The Atlantic, one of the oldest Anglo-American journals of record, serves up an indictment of America's descent into Third World status:
In its depth and suddenness, the U.S. economic and financial crisis is shockingly reminiscent of moments we have recently seen in emerging markets (and only in emerging markets): South Korea (1997), Malaysia (1998), Russia and Argentina (time and again). In each of those cases, global investors, afraid that the country or its financial sector wouldn’t be able to pay off mountainous debt, suddenly stopped lending.
(snip)
But there’s a deeper and more disturbing similarity: elite business interests — financiers, in the case of the U.S.—played a central role in creating the crisis, making ever-larger gambles, with the implicit backing of the government, until the inevitable collapse. More alarming, they are now using their influence to prevent precisely the sorts of reforms that are needed, and fast, to pull the economy out of its nosedive. The government seems helpless, or unwilling, to act against them.
The Atlantic's only real rival for the title of most intellectual publication in America is Harper's (and it's just as old!), whose editor emeritus Lewis Lapham has always held a rather jaundiced view of his peers in the ruling elite. His florid prose is always a joy to read (excerpted from Money and Class in America, 1988):
By abdicating their authority and responsibility, the sovereign people also relinquish their courage. Like rich old women in Palm Beach or a committee of dithering lawyers, the American electorate listens to the wisdom of its public servants as if to voices of minor oracles. Politicians and Cabinet ministers appear in the role of of the omniscient butler who finds phrases of art with which to conceal the embarrassments of the young master’s profligacy and reduced circumstances.
Finally, Rolling Stone offers us this colorful portrait of our dire straits as a result of the above:
People are pissed off about this financial crisis, and about this bailout, but they're not pissed off enough. The reality is that the worldwide economic meltdown and the bailout that followed were together a kind of revolution, a coup d'état. They cemented and formalized a political trend that has been snowballing for decades: the gradual takeover of the government by a small class of connected insiders, who used money to control elections, buy influence and systematically weaken financial regulations.
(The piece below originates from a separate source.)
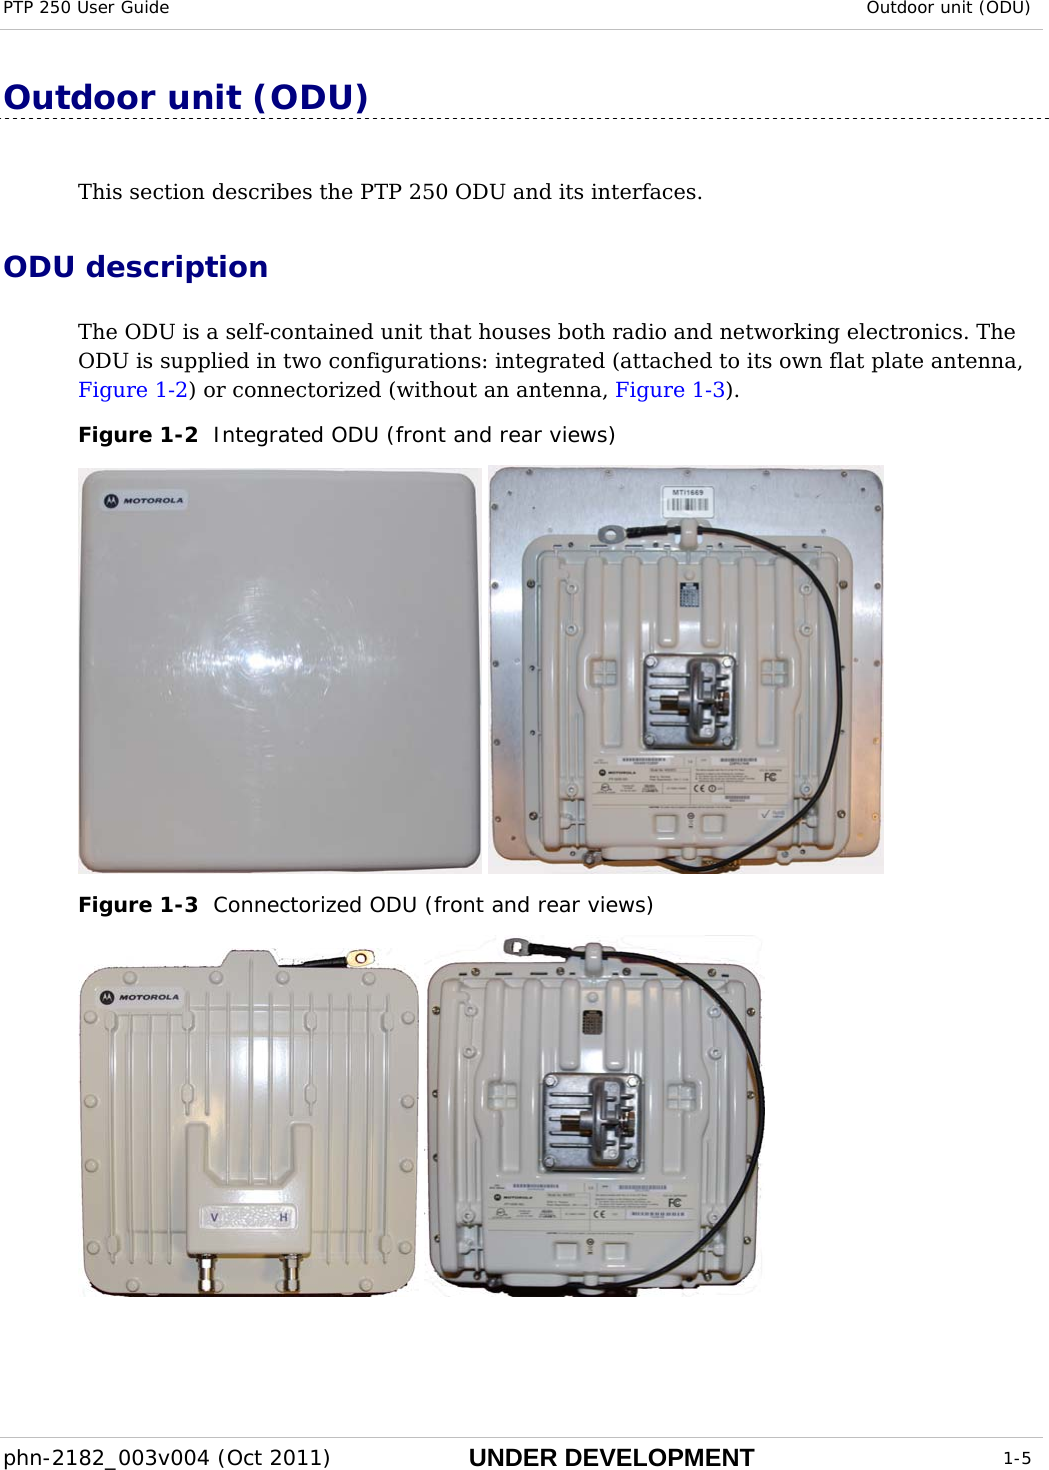 PTP 250 User Guide  Outdoor unit (ODU)  phn-2182_003v004 (Oct 2011)  UNDER DEVELOPMENT  1-5  Outdoor unit (ODU) This section describes the PTP 250 ODU and its interfaces. ODU description The ODU is a self-contained unit that houses both radio and networking electronics. The ODU is supplied in two configurations: integrated (attached to its own flat plate antenna, Figure 1-2) or connectorized (without an antenna, Figure 1-3). Figure 1-2  Integrated ODU (front and rear views)   Figure 1-3  Connectorized ODU (front and rear views)

The authors all recognize that neofeudalism is here. I've seen it coming too, probably since my days at Notre Dame when I first encountered the children of one wing (the hard-right, hypermoralistic, hypocritical Catholic wing) of our ruling class. I have spent my adult life aspiring to join the ranks of America's patricians only to find that, in the main, they won't have me among them. No matter. The turmoil now brewing will allow me and others like me to simply displace them with new wealth, like the Darwinian process that allows mutated species to survive ecological catastrophes.
There were numerous warning signs on our national road to economic annihilation. Many of my fellow Americans seem to have mistaken them for billboard advertisements. I read every sign up close, took notes, and marked their locations. I will wait patiently for the day when I will sign the deed on a San Francisco mansion. Quite a few will be vacated by people who couldn't be bothered to pay attention.
Welcome, neofeudalism. Let the jousting matches for fiefdoms begin.